Esmeralda Negrón

Personal information
- Date of birth: 15 January 1983 (age 43)
- Place of birth: Harrington Park, New Jersey, United States
- Height: 1.68 m (5 ft 6 in)
- Position: Forward

College career
- Years: Team / Apps / (Gls)
- 2001–2004: Princeton Tigers

Senior career*
- Years: Team / Apps / (Gls)
- 2002–2012: New Jersey Wildcats
- 2005–2006: USCCO Compiegne
- 2006–2007: FFC Brauweiler Pulheim

International career^{‡}
- United States U-21
- United States U-23
- 2010: Puerto Rico / 9 / (6)

= Esmeralda Negron =

Puerto Rican-American footballer, coach, and business executive

Esmeralda Negrón (born 15 January 1983) is an American-born Puerto Rican retired footballer and current coach. She has been a member of the Puerto Rico women's national team. She was voted the second greatest Princeton University female athlete of the decade (2000–2010) for her time leading Princeton University women's soccer team.

==Early life==
A native of Harrington Park, New Jersey, Negrón attended Northern Valley Regional High School at Old Tappan.

== College career ==
Princeton made the NCAA tournament in all four seasons Negrón was on the team, advancing to the second round in her freshman season of 2001. During her days at Princeton, Negrón scored 47 goals as part of her 112 career points, both Princeton records for both the men's and women's programs.
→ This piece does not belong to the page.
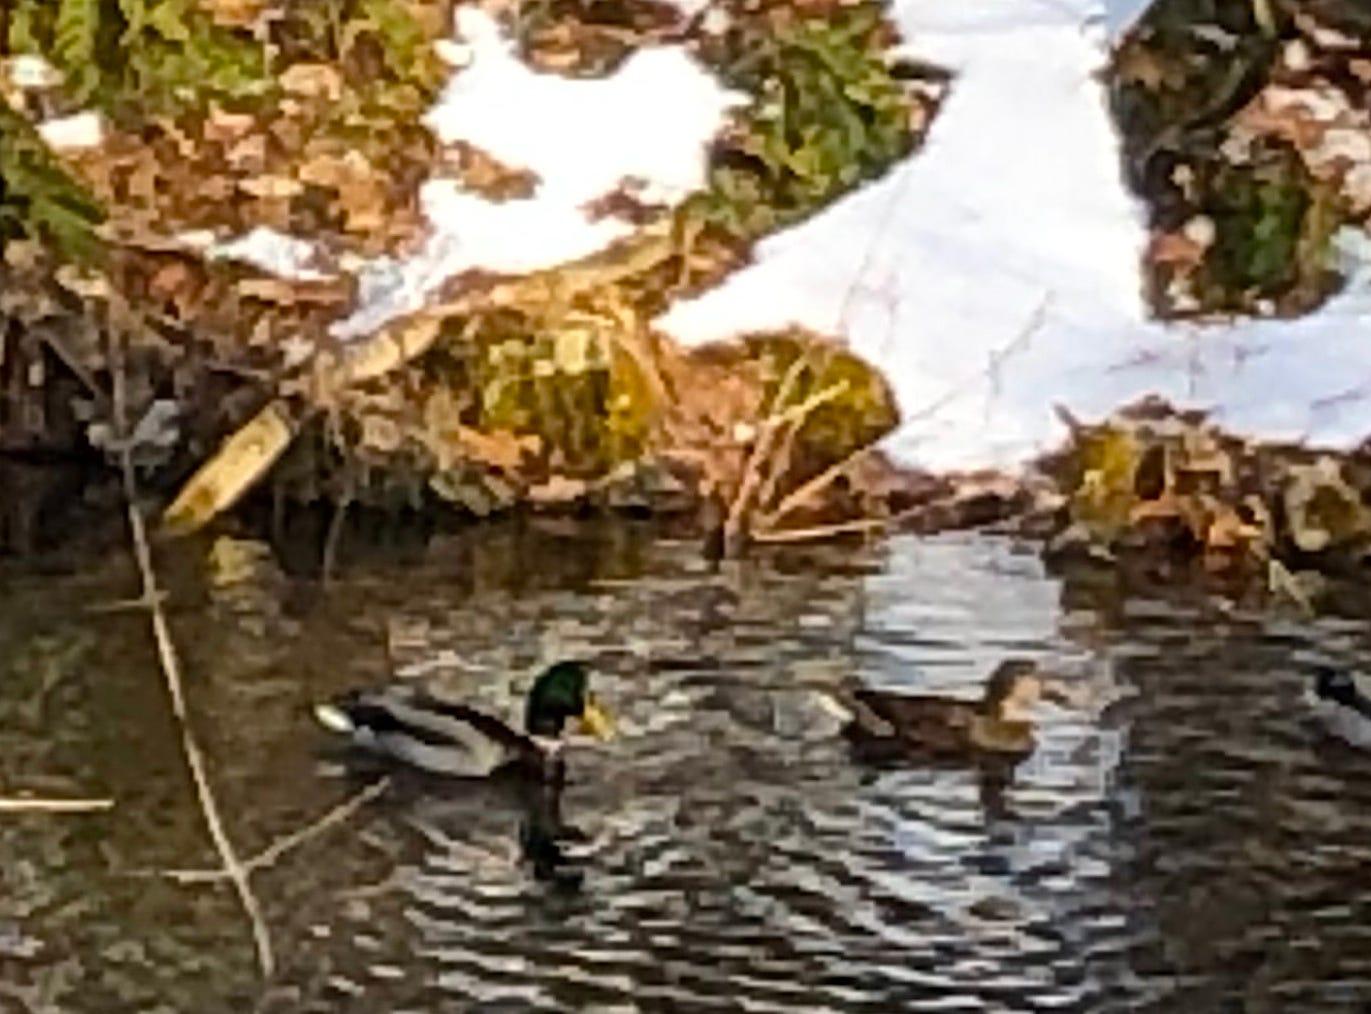 Ducks in Chenango Forks.

The unforgettable season of 2004 saw Negrón score 20 goals with 12 assists for a total of 52 points, all Princeton single-season records, leading the Tigers to the NCAA Division I Women's Soccer Championship semifinals. She was a 2004 first-team All-America, a 2003 third-team All-America, a two-time Ivy League Player of the Year and a three-time first-team All-Ivy League selection. She won the von Kiensbusch Award her senior year as Princeton's top senior sportswoman.
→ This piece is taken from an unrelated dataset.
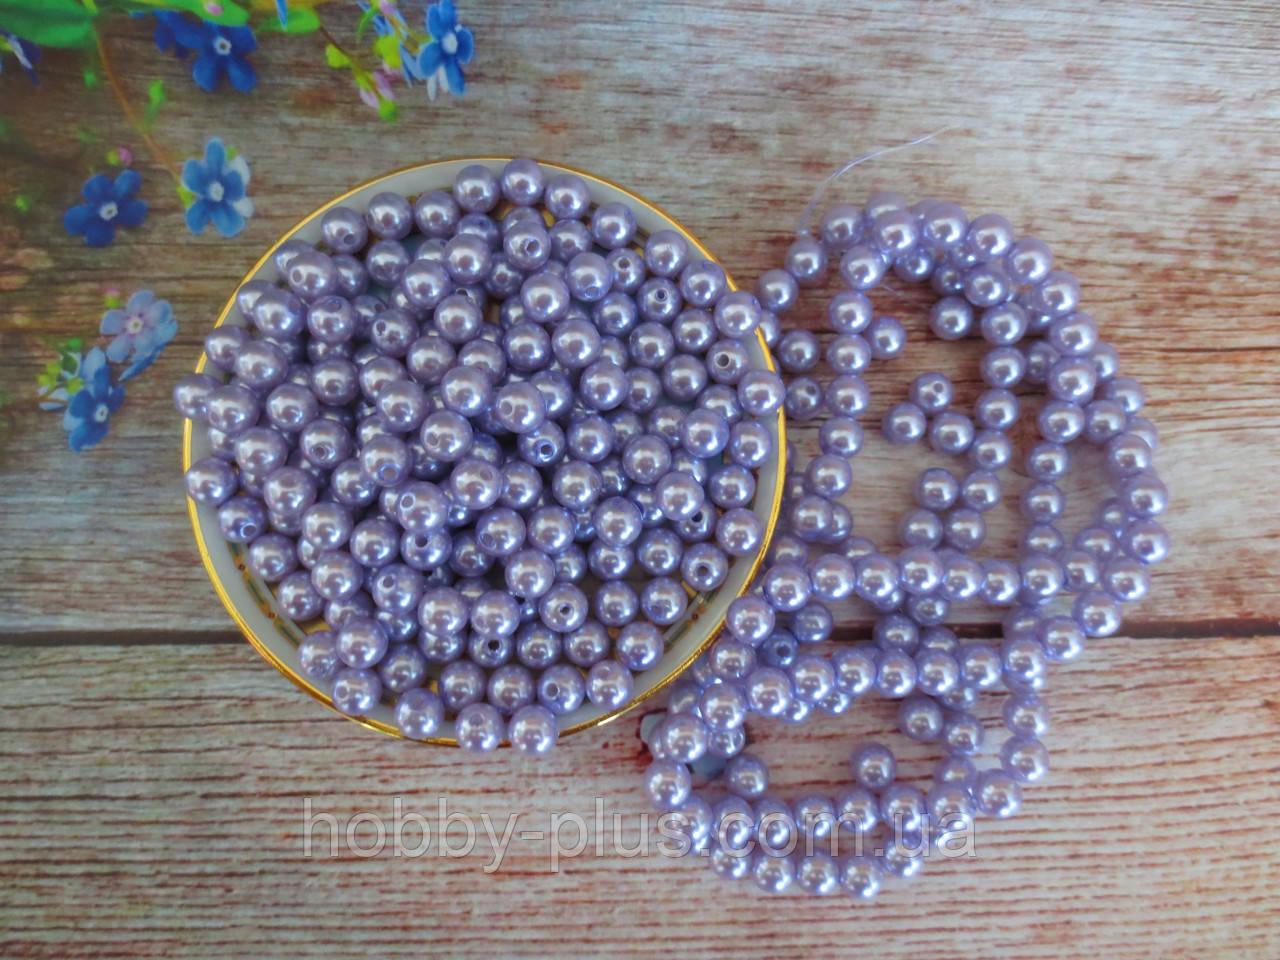 Жемчуг дорогой искусственный, 8 мм, цвет сиреневый, 10 грамм, (~40 шт).

Her Princeton career concluded with a record-breaking run to the NCAA Final Four in 2004 with then freshman teammate Diana Matheson, a member of the Canadian National Team. No other any Ivy League team has ever reached the NCAA Final Four of a 64-team tournament.

==Club career==
Negrón played professionally for the New Jersey Lady Stallions and New Jersey Wildcats of the USL W-League.

==International career==
During the summer of 2004, Negrón played internationally with the United States U-21 team in Iceland and was a member of the pool for the full U.S. National Soccer Team. However, in 2010, she played officially for Puerto Rico at senior level.

===International goals===
Scores and results list Puerto Rico's goal tally first

| No. | Date | Venue | Opponent | Score | Result | Competition |
| 1 | 19 March 2010 | Juan Ramón Loubriel Stadium, Bayamón, Puerto Rico | Saint Kitts and Nevis | 2–0 | 7–0 | 2010 CONCACAF Women's World Cup Qualifying qualification |
| 2 | 6–0 |
| 3 | 7–0 |
| 4 | 13 May 2010 | Manny Ramjohn Stadium, Marabella, Trinidad and Tobago | Antigua and Barbuda | 3–0 | 8–0 |
| 5 | 6–0 |

== Coaching career ==
Negrón served as Assistant Coach for Seton Hall University and Princeton University women's soccer programs. After serving as Assistant Coach during Princeton's second Ivy League perfect season and second-best NCAA appearance of reaching the Round of 32, Negrón founded her own soccer training academy, Champions League Soccer Academy.

==Business ventures==
In September 2020, Negron, along with sports media executive Hannah Brown, launched ata football, a streaming platform focused on women's football. It was acquired by DAZN Group on August 15, 2023.